Электронная библиотека книг » Нагиб Махфуз » Каирская трилогия (ЛП) » Текст книги (страница 99)
Каирская трилогия (ЛП)
  • Текст добавлен: 16 июля 2025, 19:40

Текст книги "Каирская трилогия (ЛП)"


Автор книги: Нагиб Махфуз



сообщить о нарушении

Текущая страница: 99 (всего у книги 99 страниц)

53

На рассвете среди полной тишины раздался азан на утреннюю молитву, когда начальник полицейского участка в Гамалийе вызвал к себе в кабинет Абдуль Мунима и Ахмада. Вооружённый полицейский привёл их, и начальник приказал ему выйти. Он внимательно поглядел на обоих, затем отдельно на Абдуль Мунима, и наконец спросил его:

– Ваше имя, возраст и профессия?

Абдуль Муним уверенно и спокойно ответил:

– Абдуль Муним ибн Ибрахим Шаукат, двадцать пять лет, следователь отдела расследований Министерства образования.
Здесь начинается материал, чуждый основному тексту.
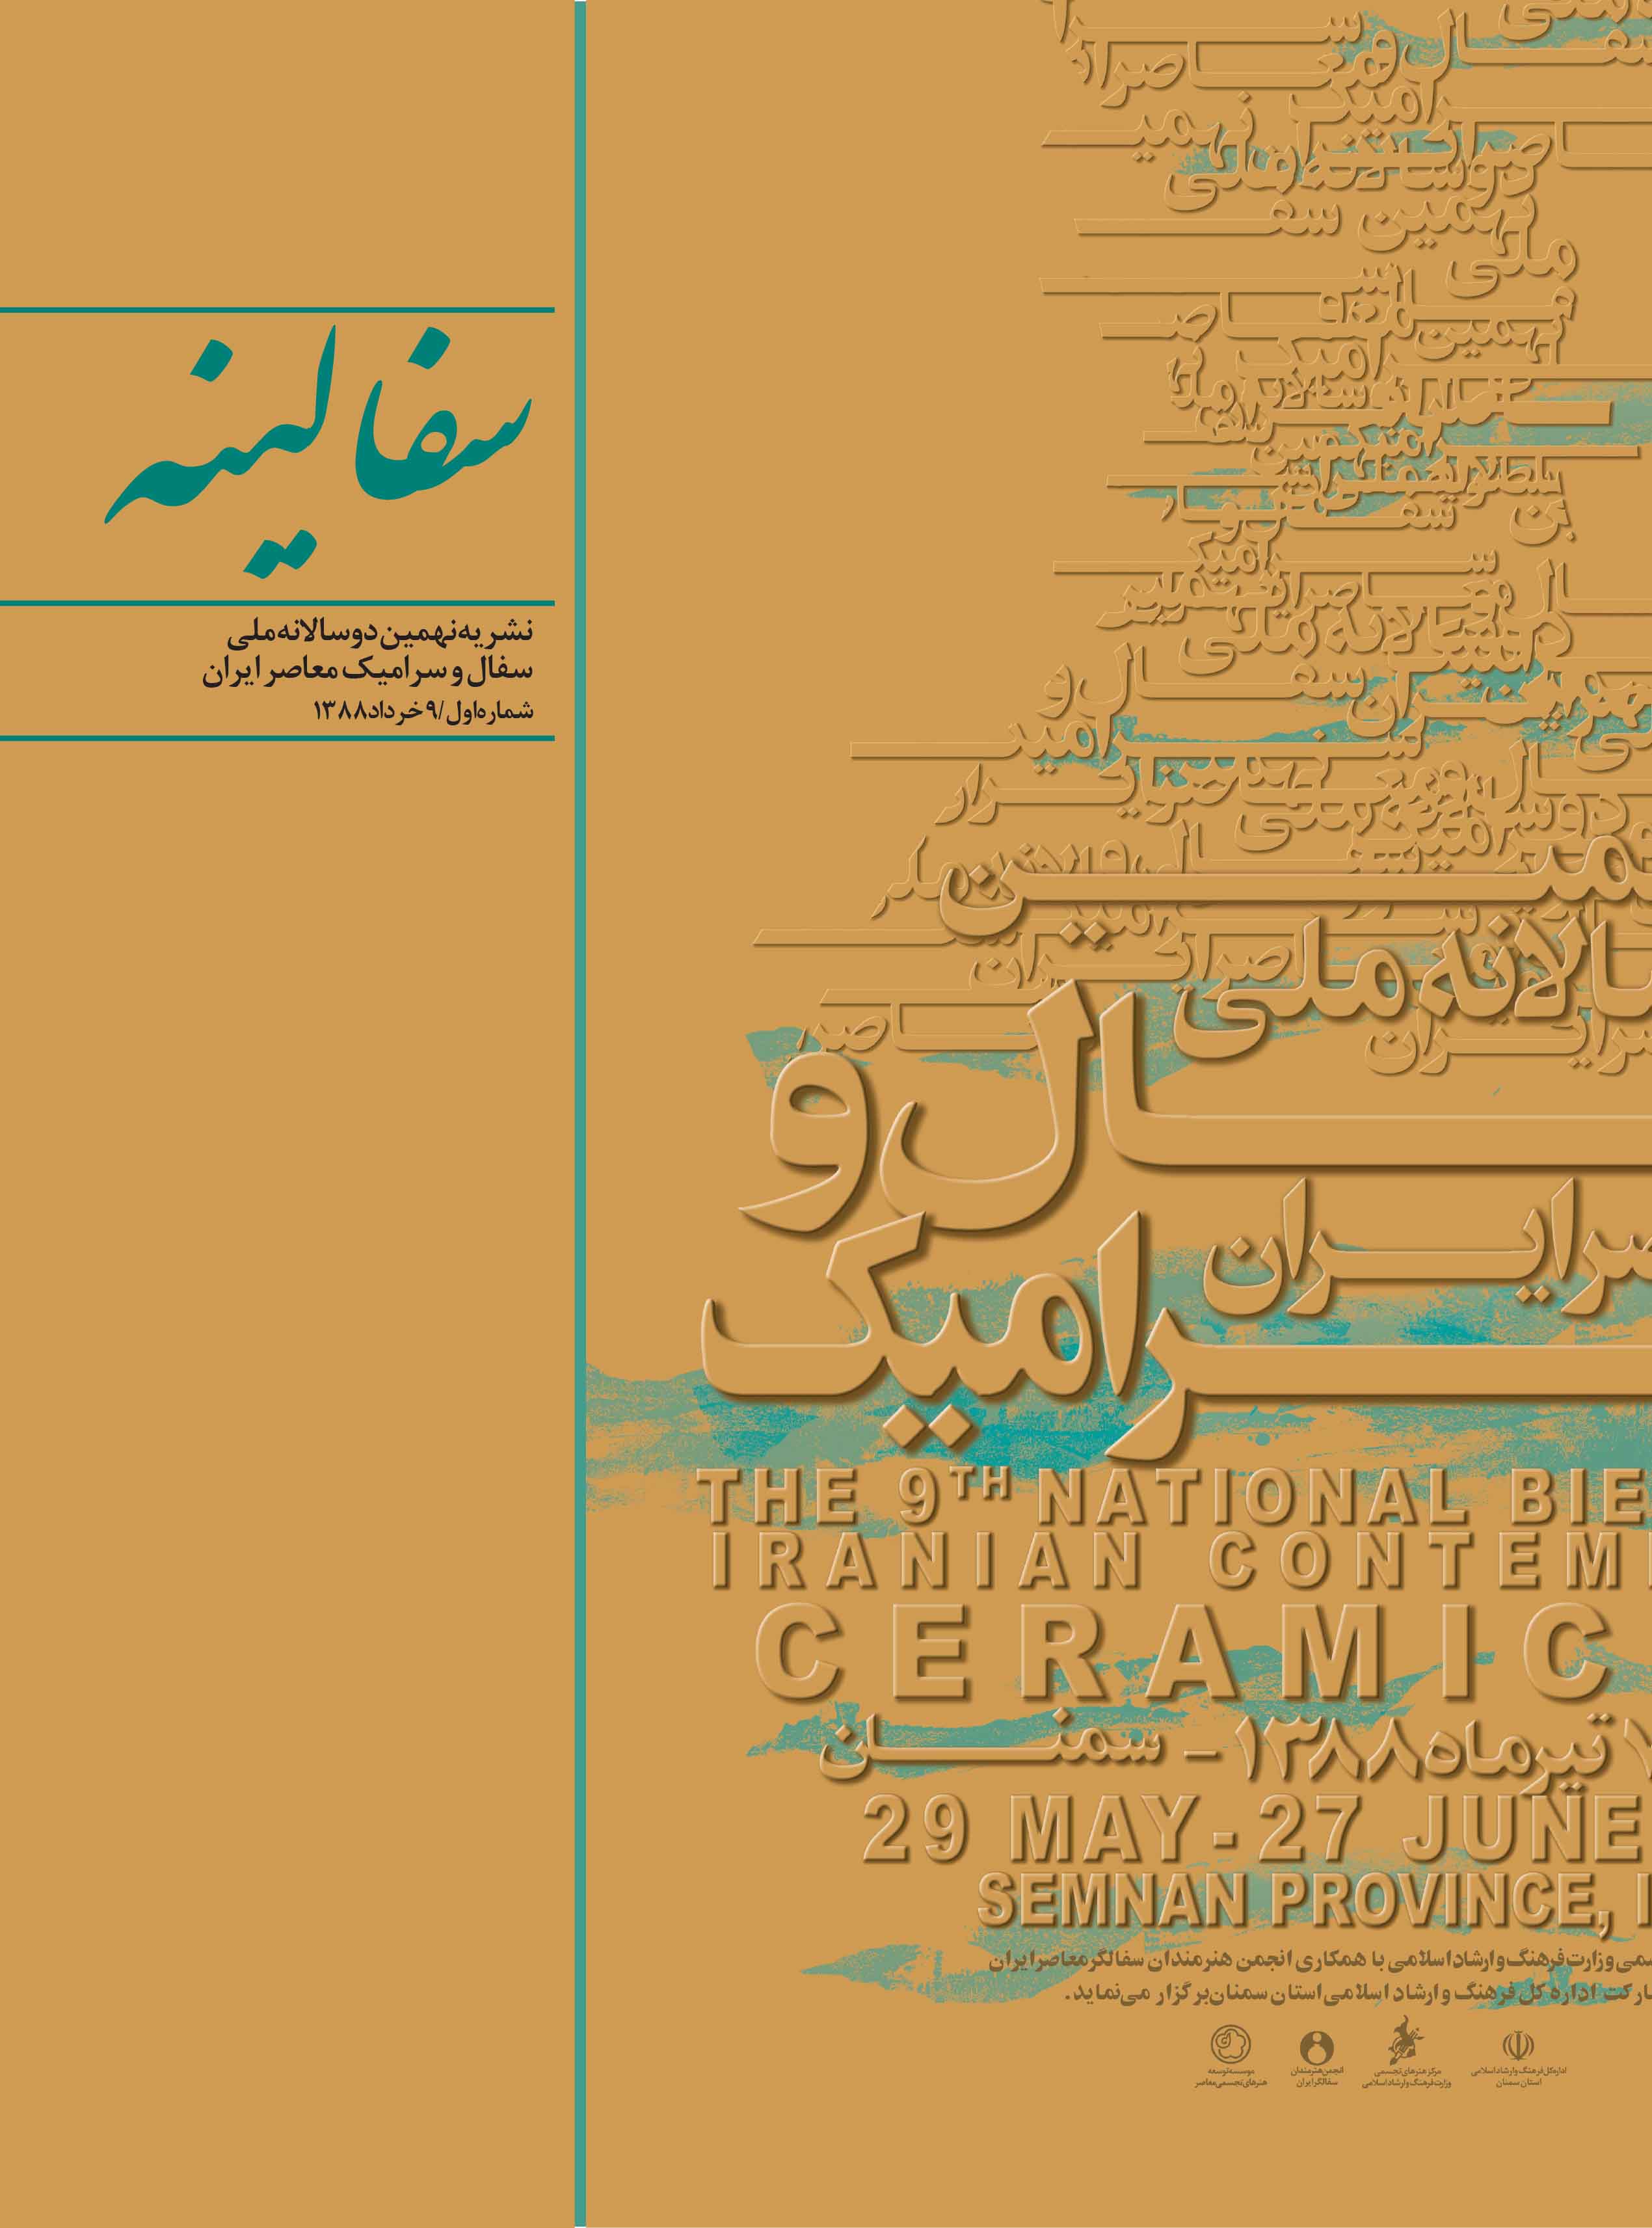 سفالینه - نشریه دوسالانه سفال و سرامیک - شماره 1

– Как же вы можете нарушать государственные законы, когда сами представляете закон?!

– Я не нарушал закон. Мы работаем открыто, пишем в газеты и выступаем с проповедями в мечетях. Тем, кто призывает к религии Аллаха, нечего бояться.

– Разве в вашем доме не устраиваются подозрительные собрания?
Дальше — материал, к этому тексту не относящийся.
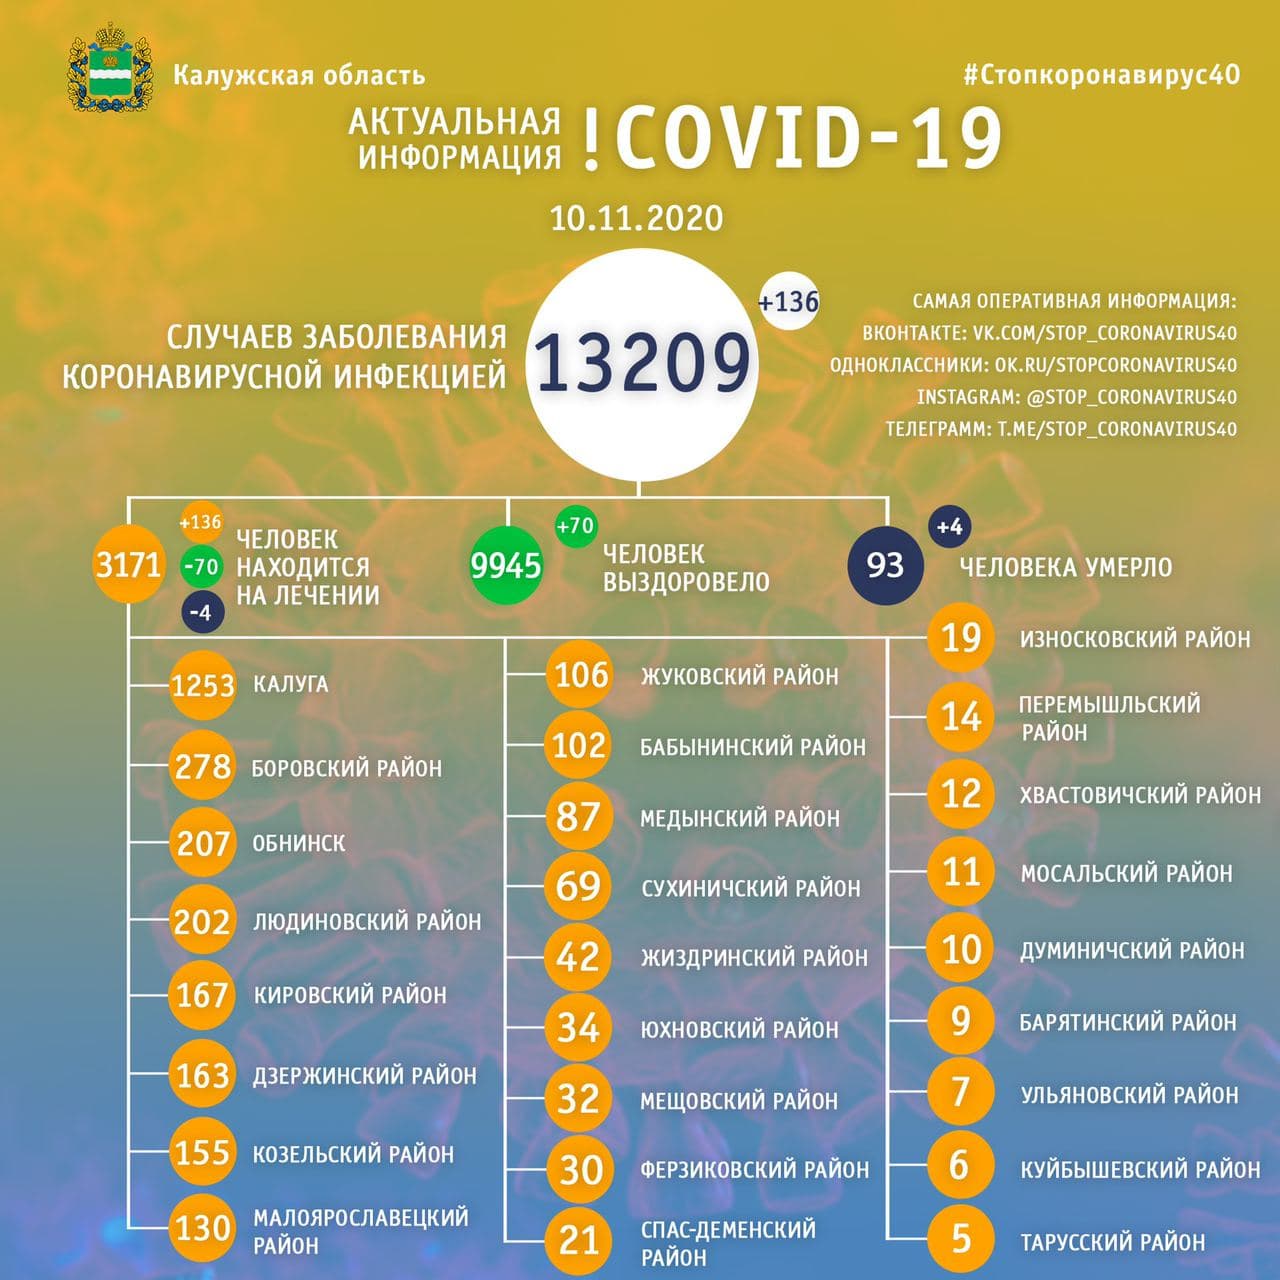 Официальная статистика по коронавирусу в Калужской области на 10 ноября 2020 года.

– Нет, это были обычные собрания друзей, на которых мы обмениваемся мнениями, советами и религиозными наставлениями…

– А входит ли сюда ещё и агитация против союзнических держав?

– Вы имеете в виду Англию, господин? Она же наш вероломный враг. Государство, которое попирает своими танками нашу честь, не может зваться союзническим…

– Вы образованный человек и должны были понимать, что у военного времени свои условия, накладывающие ограничения!

– Я понимаю то, что Британия наш первейший враг в этом мире!

Офицер повернулся к Ахмаду с вопросом:

– А вы?

С полуулыбкой на губах Ахмад ответил:

– Ахмад ибн Ибрахим Шаукат, двадцать четыре года, редактор в журнале «Новый человек»…

– У меня имеются серьёзные сообщения о ваших экстремистских статьях. И кроме того, ваш журнал, как известно, пользуется дурной репутацией…

– Мои статьи не выходят за границы защиты принципов социальной справедливости…

– Так вы коммунист?

– Я социалист. А большинство депутатов парламента призывают к социализму, да и сам закон не осуждает коммунизм за его идеи, пока он не прибегает к насильственным методам…

– Так значит, мы должны подождать, пока собрания, что вы устраиваете у себя в квартире, не превратятся в насилие?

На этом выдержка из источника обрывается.